The system works as follows:
- Client-side error logging: When a client encounters a network error, instead of sending a detailed error report directly to the origin server, it prepares a privacy-preserving report.
- Report encryption: The client encrypts the report using the DAP protocol, splitting it into shares for multiple aggregators.
- Secure aggregation: The encrypted reports are sent to Cloudflare’s Daphne servers, which act as aggregators. These servers perform secure multi-party computation to aggregate the reports without seeing individual values.
- Differential privacy: Noise is added to the aggregate results to achieve differential privacy. Cloudflare implements this using a distributed noise addition technique, where multiple non-colluding parties collaboratively add noise.

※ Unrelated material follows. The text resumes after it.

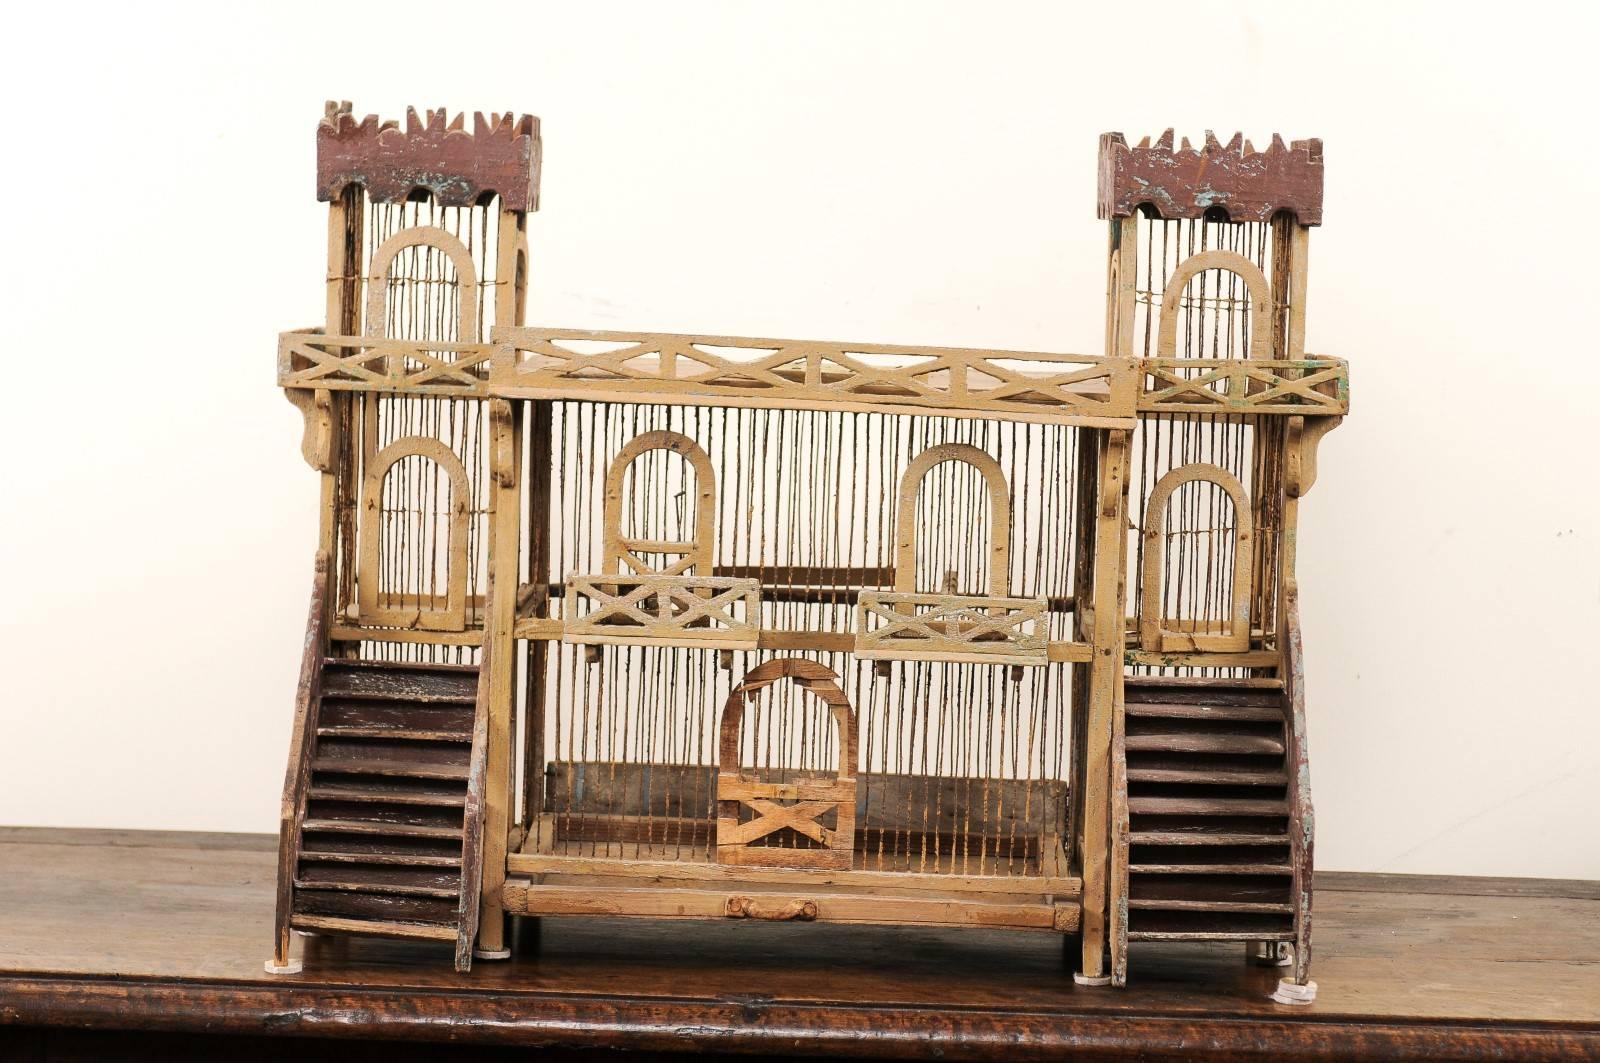 An Italian mid-20th century wood bird cage. This vintage Italian birdcage has been lovingly handcrafted and features a two storied main structure which is flanked by twin towers and entry stairs. There are x-stylized window boxes and upper railing

- Histogram generation: The system produces differentially private histograms of error types, allowing website owners to understand common network issues without compromising individual user privacy.
Key considerations in this implementation include:
- Privacy budget management: Cloudflare carefully manages the privacy budget (ε) across different types of queries and time periods.
- Batch size optimization: The system is designed to balance privacy and utility by adjusting batch sizes for aggregation.
- Error type encoding: Network errors are encoded into a fixed set of categories to enable efficient histogram generation.
- Timestamp precision: Report timestamps are rounded to reduce the risk of timing-based attacks while still providing useful temporal data.
This approach allows Cloudflare to provide valuable insights to website owners about network errors affecting their users, while strongly protecting individual user privacy. It showcases how existing web infrastructure can be enhanced with state-of-the-art privacy-preserving techniques.
By implementing DAP with differential privacy for NEL, Cloudflare demonstrates a practical application of PPM that could serve as a model for privacy-enhancing other types of web measurements and analytics.
Conclusion
The development of DAP has been driven by collaboration between researchers, technology companies, and standardization bodies, aiming to create a robust and flexible system that can be applied to various real-world privacy-sensitive data collection scenarios.
While PPM has made good progress, there are still challenges to overcome: performance and scalability for complex computations, balancing privacy and utility for different applications, standardising protocols and APIs for interoperability, and educating users and organisations on the benefits and limitations.
Research is ongoing in areas like more efficient secure multi-party computation protocols, advanced composition techniques for differential privacy, PPM-friendly machine learning and AI techniques, and verifiable computation to ensure protocol compliance.